Told from the perspective of Charo Ngumbao, a former illegal logger and poacher, The Flying Gold of Arabuko plays with the conceptual and literal idea of the butterfly effect to question whether something as small as a butterfly could potentially save an entire ecosystem and the many threatened species it supports. The film was directed by John Davies, a student at the UK’s National Film and Television School with a bright future if this BAFTA-nominated offering is anything to go by. It’s a pleasure to watch with a positive message that’s worth sharing.

Sonic Forest

Like The Flying Gold of Arabuko, Sonic Forest also spotlights tropical forests and the communities working to protect them, often at immense personal risk. But the starting point in this documentary is music. From Bogotá, Colombia, we follow Simón Mejía, founder of the Latin band Bomba Estéreo, as he journeys into the jungles and mountains of the Colombian Pacific to discover the sounds of one of the world’s most biodiverse regions. Armed with a smartphone and small mic, he records birdsong, trickling water and clicking piangua (clam) shells as well as exuberant performances by local singers, drummers and pipe players. “Everything is connected and it’s musical in some way,” Mejía says at one point.

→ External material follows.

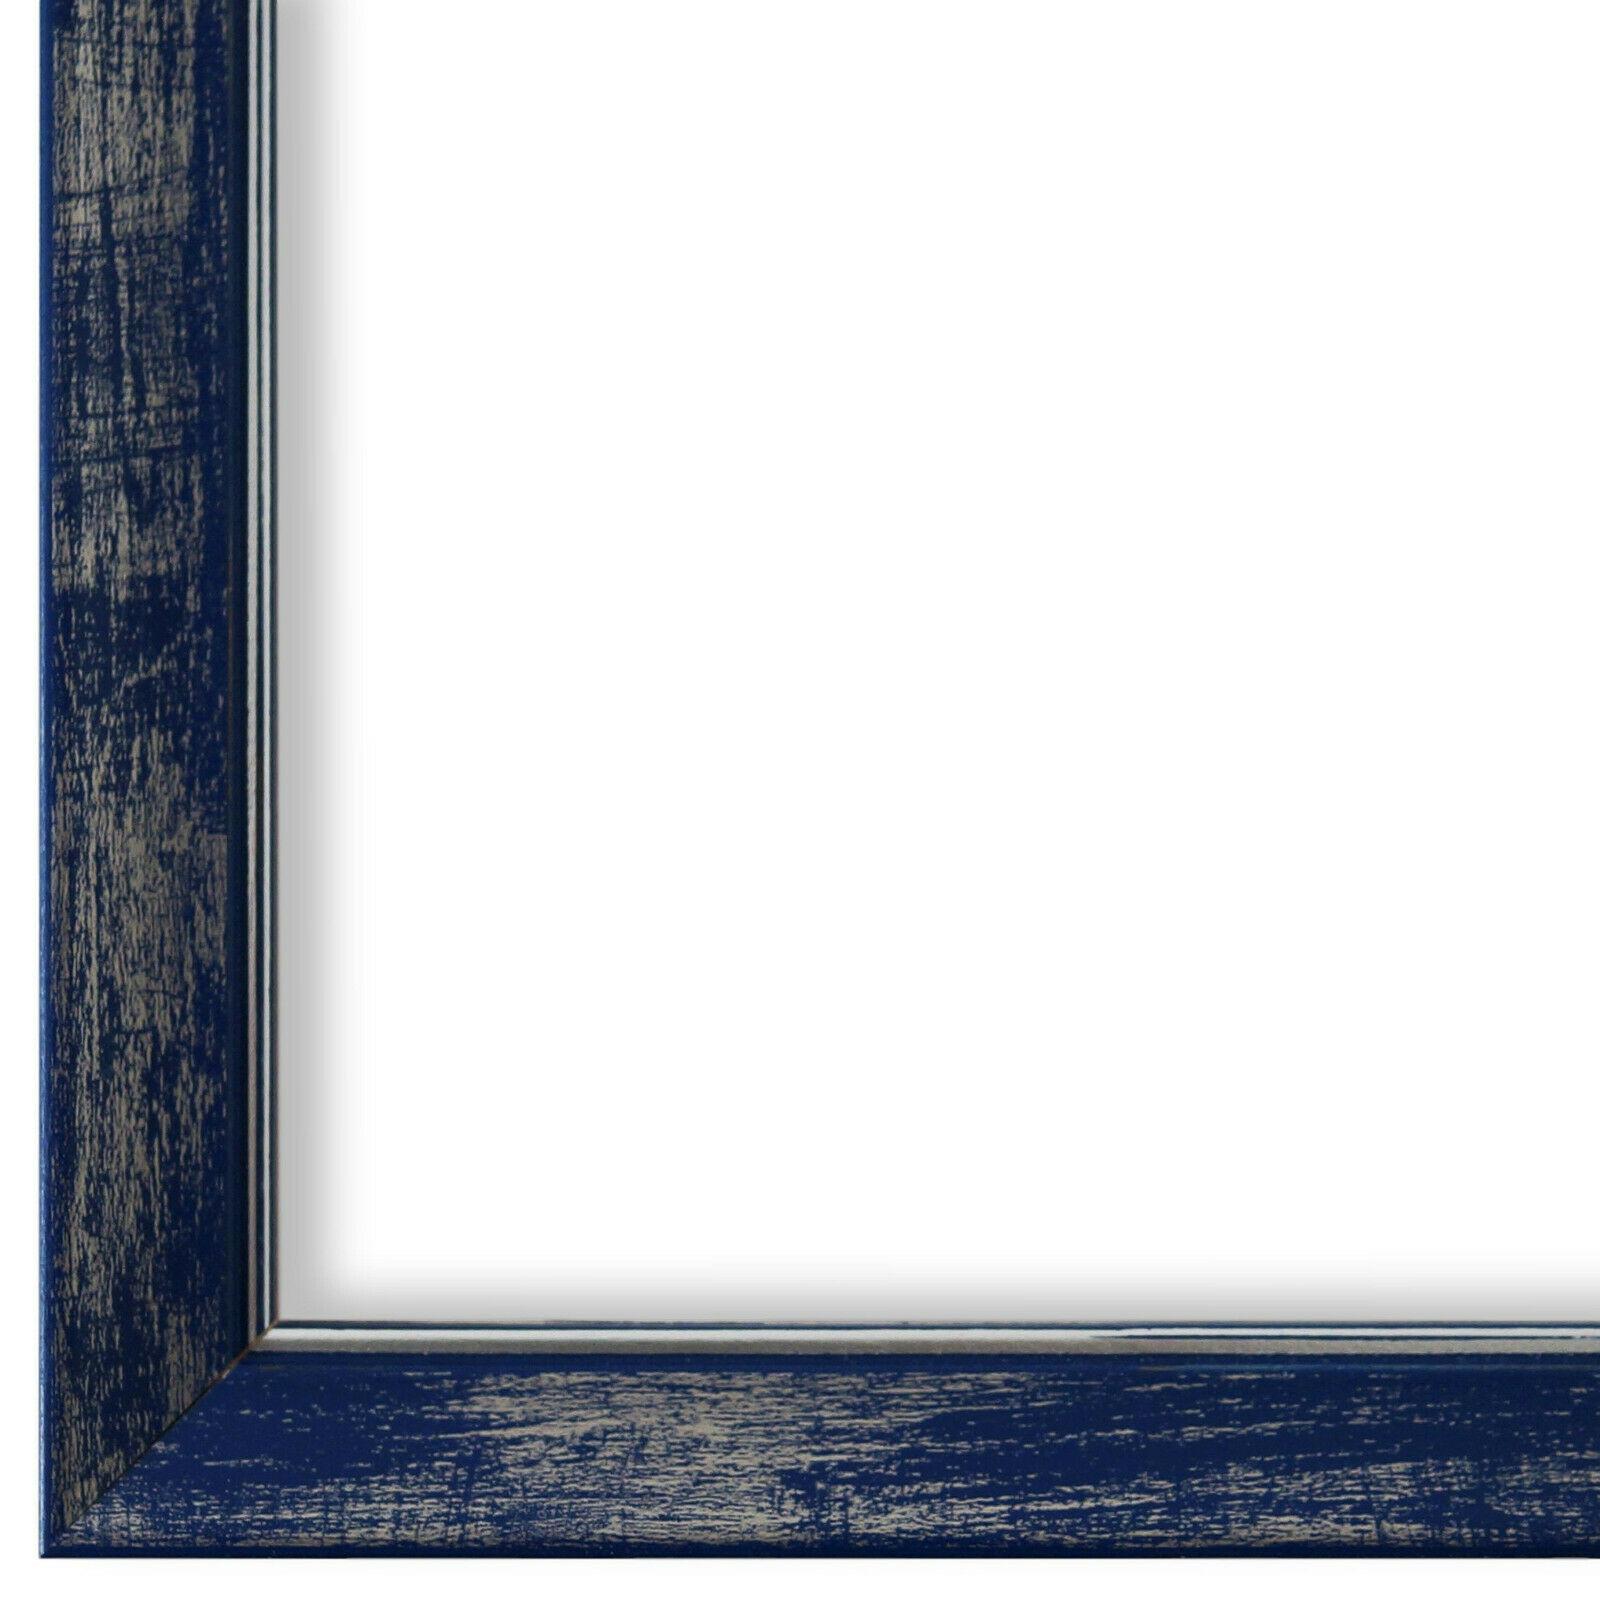 Bilderrahmen Weiss Silber Frosinone 1,8-40x40 40x50 40x60 50x50 50x60 60x60

Back in Bogotá, he weaves these recordings together and layers on guest vocals mixed with Bomba Estéreo’s trademark electro dance beats. The result is the film’s eponymous theme song that is both an ode to sonic traditions and a rousing call for environmental action. If you are inspired to answer the call, click the link below the closing credits to help communities in the Colombian Pacific raise money for clean water, scholarships and health centres. And maybe open your windows and blast the track at full volume for your neighbours to hear too!